Они спорили, стоя. Ирме стало противно, и она пошла к машине, и это было хорошо.
— Я скажу вам, своё последнее предложение! Возьмите себе десять тысяч марок, а мне заплатите сто тысяч пятнадцать. Einverstandent?
Это было выражением скаредности, и она, должно быть, понимала это. Но нельзя сделать ошибку и быть невежливым, потому что она может действительно сойти с ума! «Verebrte Barorin», — сказал Ланни добрейшим тоном из своего репертуара, — «у вас есть прекрасная и редкая картина, и я не пытался скрыть свое восхищение ею. Я предложил вам очень высокую цену, и я думаю, что для вас я проделал всё хорошо. Я также думаю, что я честно заработал свои деньги. Я никогда в своей жизни не уменьшал свою собственную комиссию, потому что знаю, что работа, которую я делаю, честная и заслуживает указанной цены. Если вы примете мое предложение, вы пересчитаете эту крупную сумму денег, а затем подпишите купчую в трех экземплярах, после чего я передам вам деньги, и вы передадите мне картину, и нам обоим станет лучше, чем сейчас».
Он прошёл весь путь к входной двери особняка и уже стал серьезно беспокоиться. Но в конце концов она сказала: «Also gut— kommen Sie zurück!» Она села и пересчитала каждую банкноту, останавливаясь, чтобы смочить пальцы через каждые две или три банкноты. Она подписала документы, и Ланни завернул Пресвятую Деву в упаковку из промасленной ткани, которую он принес с собой. Он уже собирался уйти, когда она проявила вдруг человечность и пригласила молодую пару к чаю. Но Ирма уже вышла к машине, и он боялся, что она откажется вернуться. «Ей не очень хорошо», — сказал он, — «и мы хотим вернуться в Берлин засветло».
«О, какая одиозная женщина!» — воскликнула наследница, которой деньги достались так легко.
«Я встречал еще хуже», — сказал удовлетворённый Ланни.
Жена хотела сказать: «Я не могу понять, зачем тебе такие сцены за такие малые деньги». Но Эмили Чэттерсворт убедила ее отказаться от своих критических замечаний и позволить Ланни играть в игру, которую он освоил. Вместо этого она заметила: «Я действительно не могу понять, почему ты должен платить Золтану. Ведь он не принимал участия в этой сделке, не так ли?»
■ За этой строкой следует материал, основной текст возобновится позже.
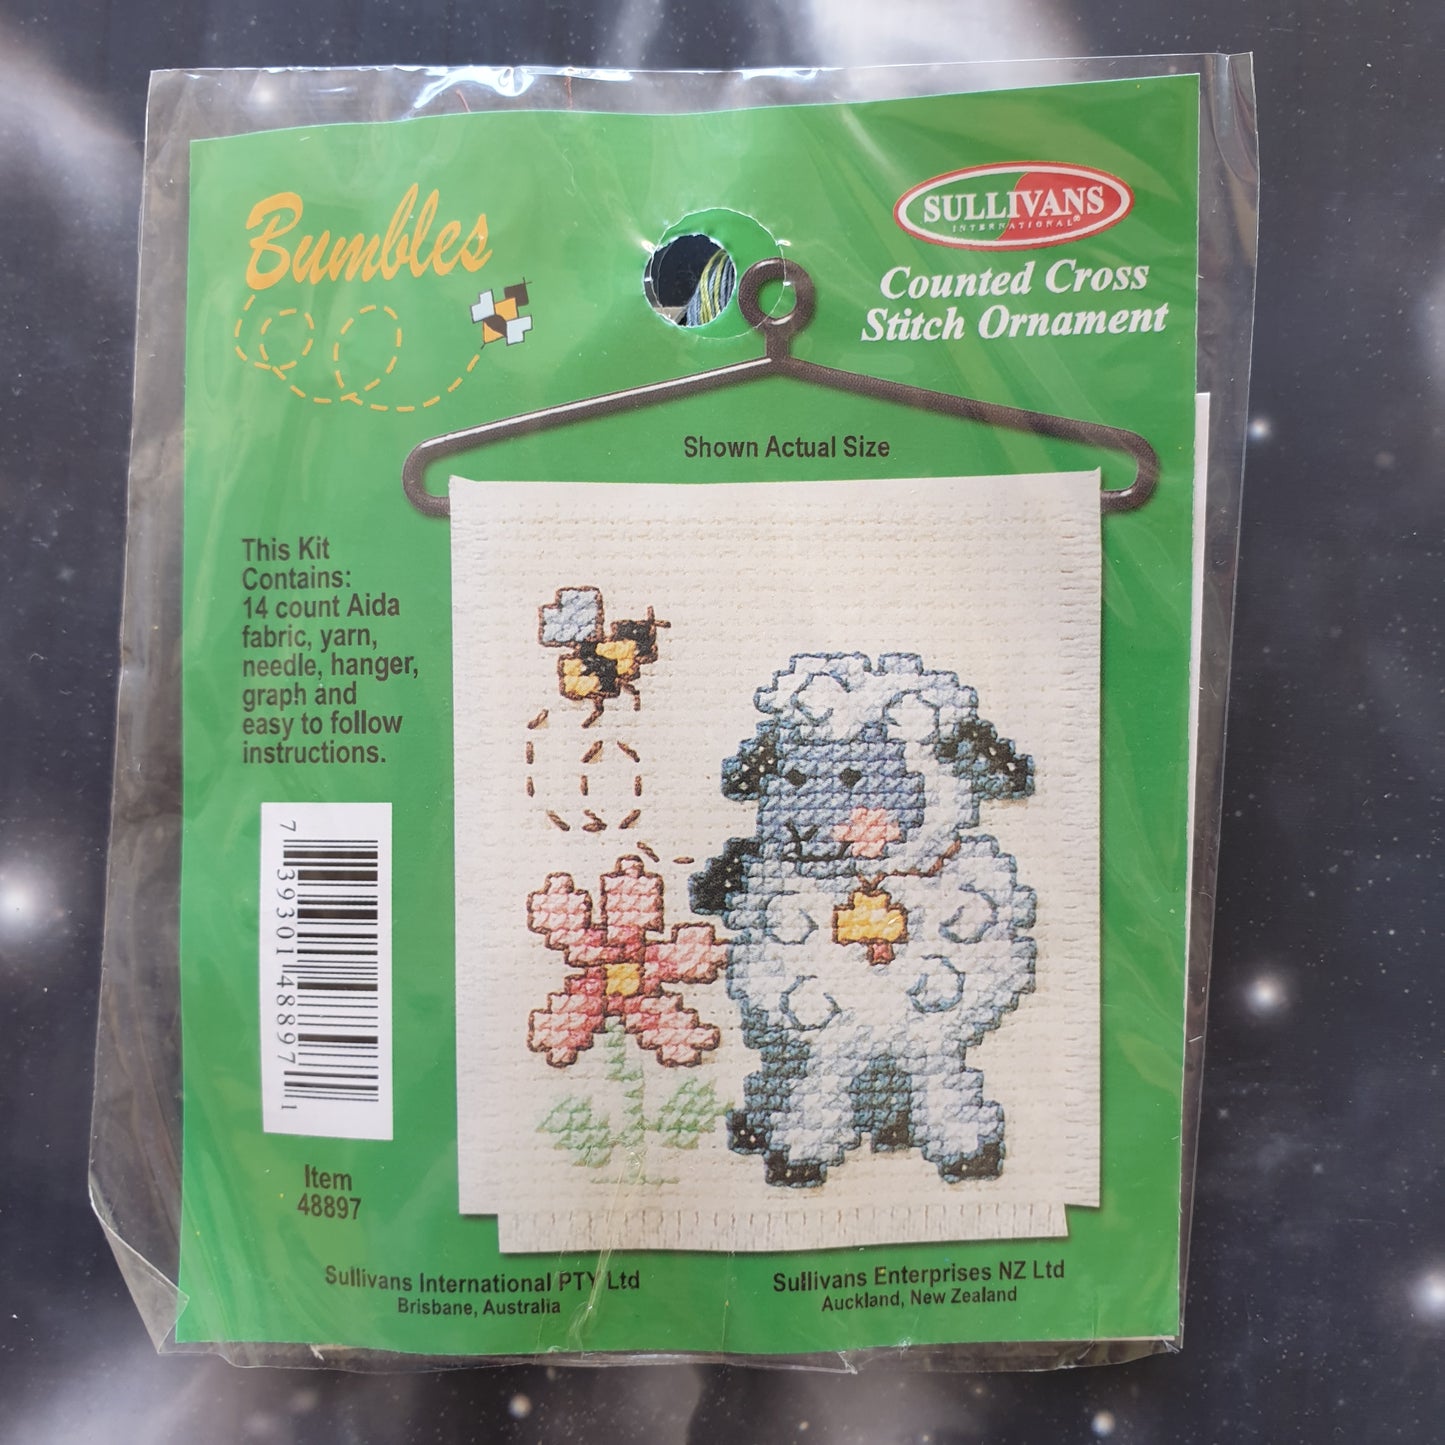 Sheep with Bee Counted Cross Stitch Ornament Kit
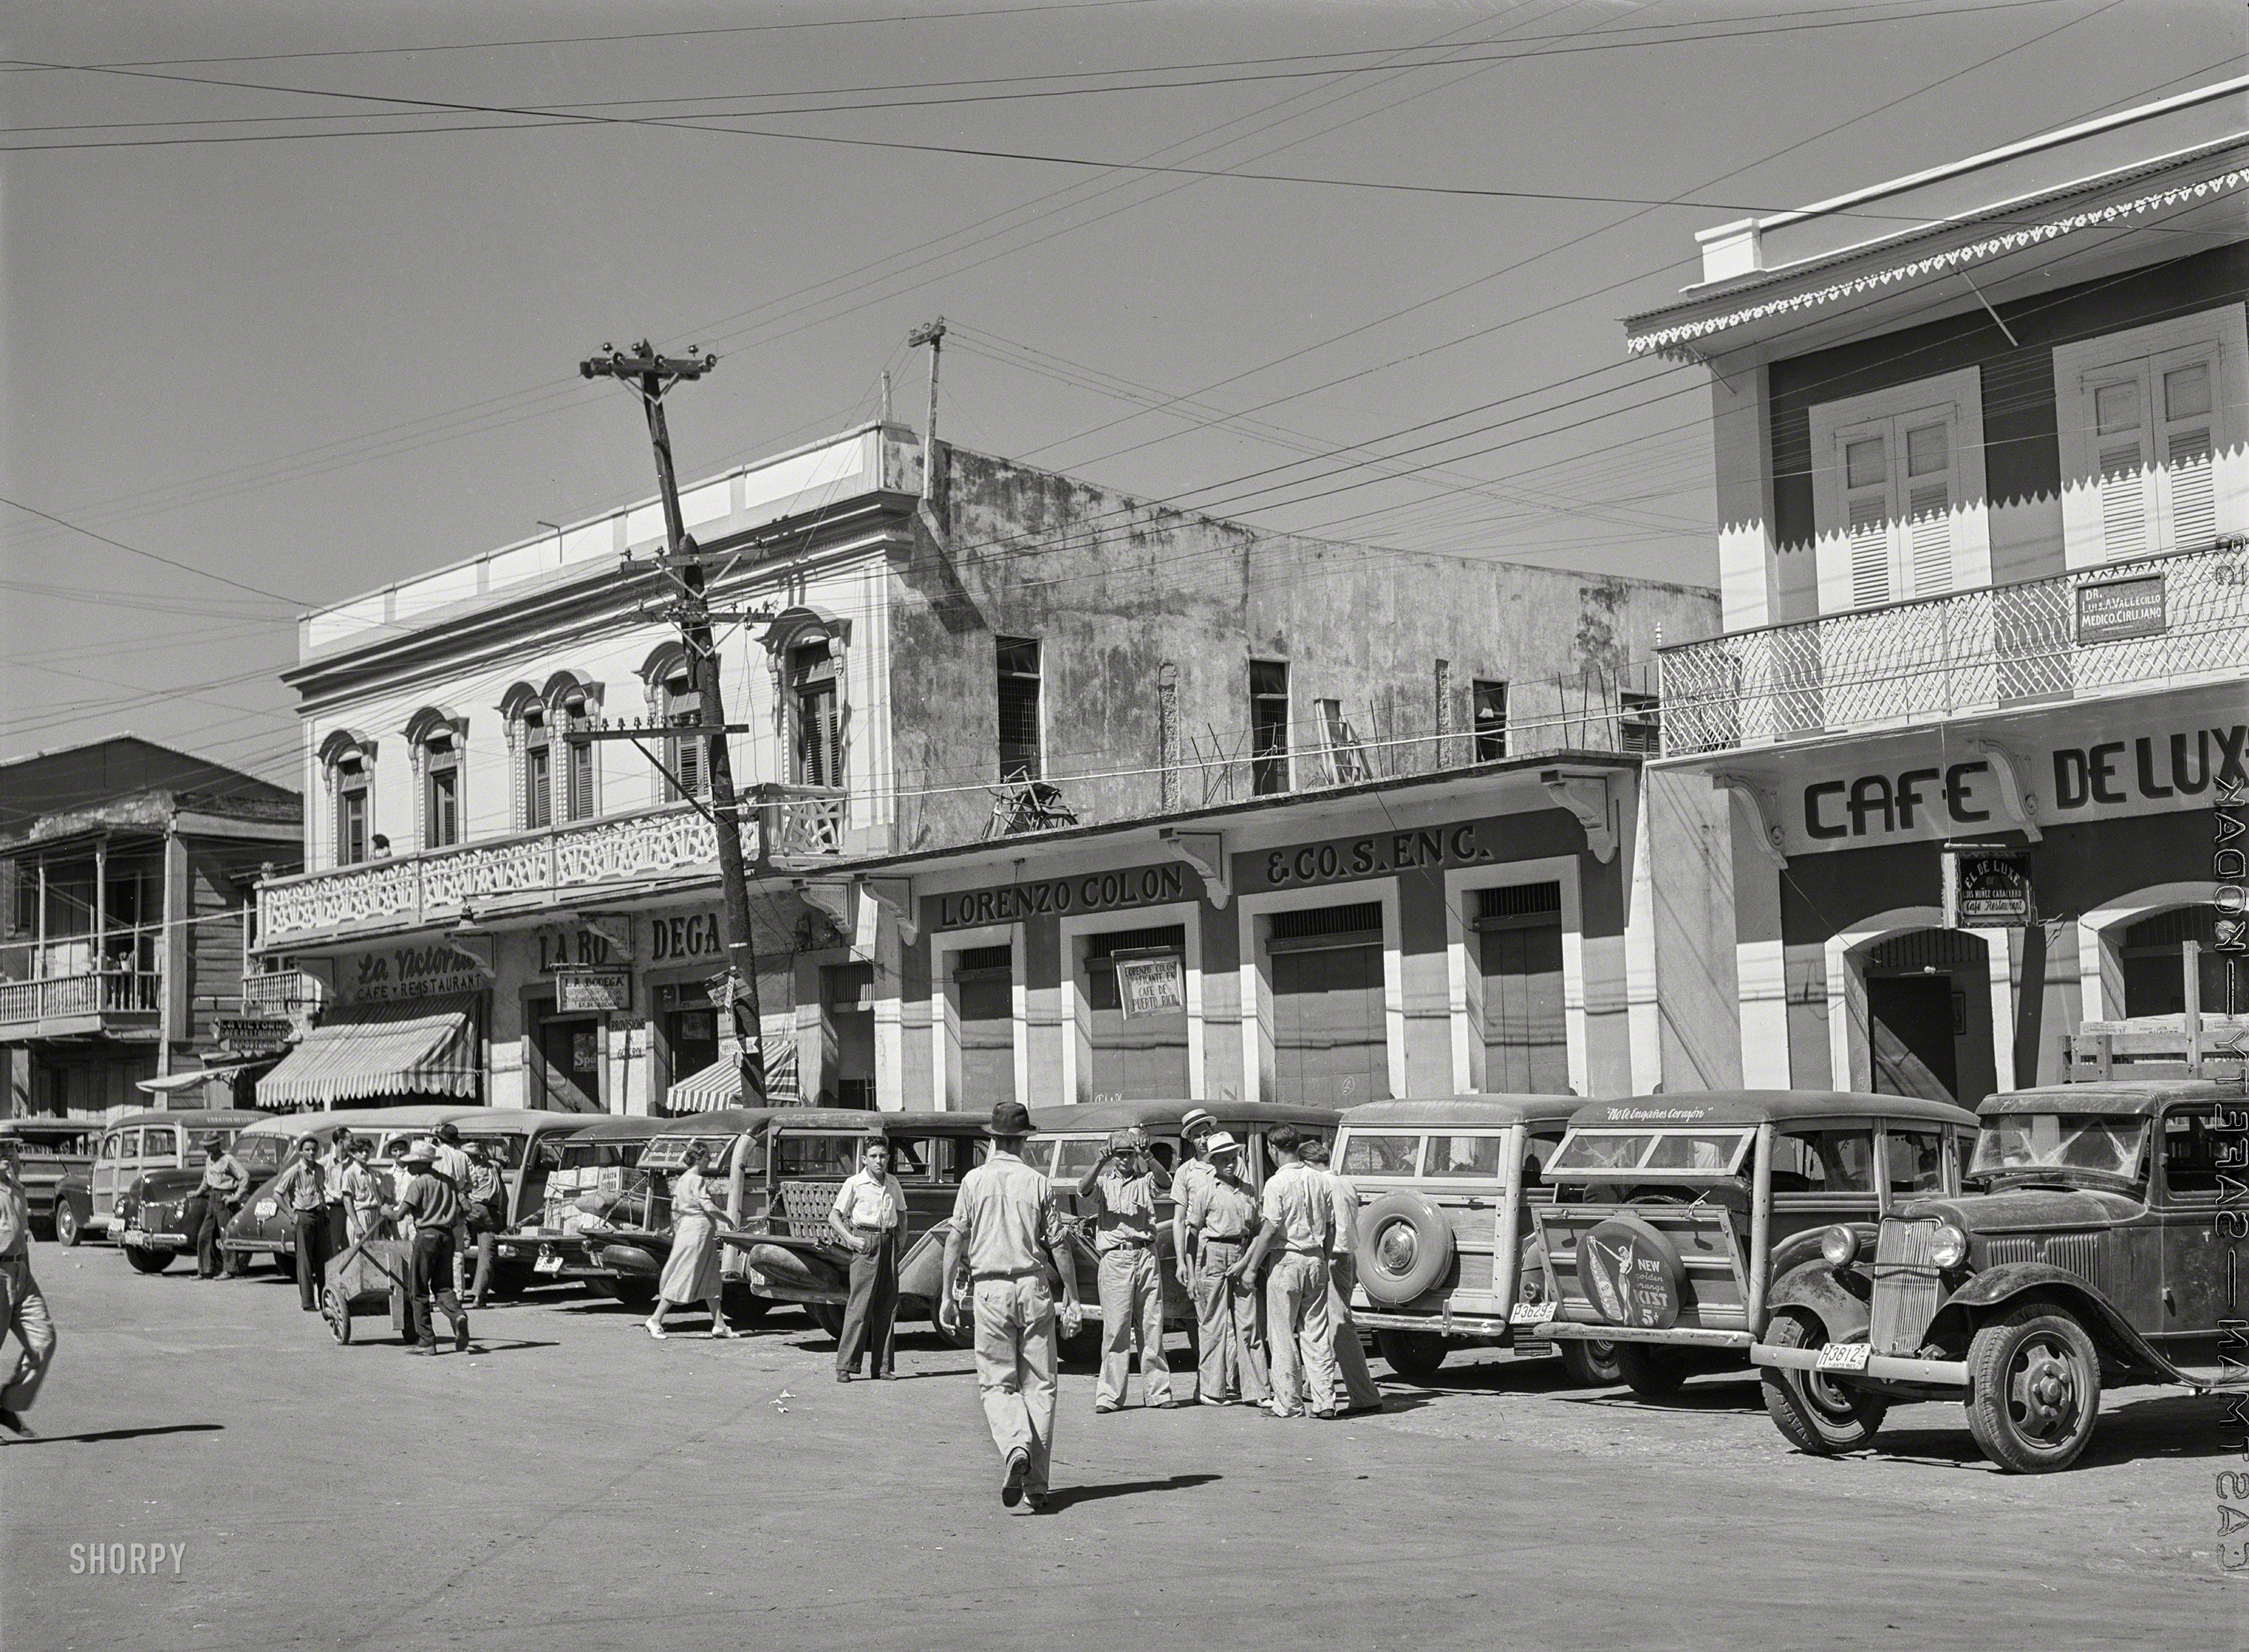 January 1942. "Arecibo, Puerto Rico. A row of station wagons or 'publicos' waiting for loads and passengers." Acetate negative by Jack Delano. View full size.

Ланни не хотел рассказывать, в чём заключалось участие Золтана. Он сказал: «Я предложу заплатить ему, но я знаю, он не примет денег».
«Другое дело», — согласилась Ирма. — «Ты заработал деньги в Германии, и, как ты их вывезешь?»
«Они могут остаться на некоторое время», — ответил он. — «Рано или поздно я найду картину, которую захочу купить».
Не надо было говорить об этом больше, Ирма забыла бы об этом через несколько часов. Он поехал на следующее утро и получил десять тысяч марок в банке и отправился на свидание с Труди Шульц со всеми мерами предосторожности. Он потряс ее, когда передал ей эту сумму. — «Это позволит мне не приезжать так часто».
— Но, Ланни, как мне хранить столько денег?
— Найдите тайник в комнате, где гестапо не вздумает искать.
— Но предположим, что загорится дом.
«Если это произойдет,» — он улыбнулся, — «постарайтесь выбежать, и не беспокойтесь о деньгах. Я смогу получить ещё, но я не смогу получить другую фрау Мюллер!»
Рождество в коттедже Уикторпа было восхитительным праздником. Приходили и уходили друзья, посыльные приносили подарки, планировались сюрпризы, всюду возникала сутолока с искусственно созданным возбуждением. Яркие огни сверкали в каждой комнате, и дом был теплым, как нравилось Ирме. Это означало, что приходили слуги с корзинами полными угля, а уходили с пустыми. В этой восхитительной стране не было никаких проблем с расторопным приветливым обслуживающим персоналом за смешную заработную плату. Ланни, экономический детерминист, сказал, что это была английская земельная система, которая лишила сельских жителей их естественных прав. Но он научился не делать «ворчливых» замечаний в присутствии своей жены и, особенно в, то время года, когда должны преобладать мир и добрая воля.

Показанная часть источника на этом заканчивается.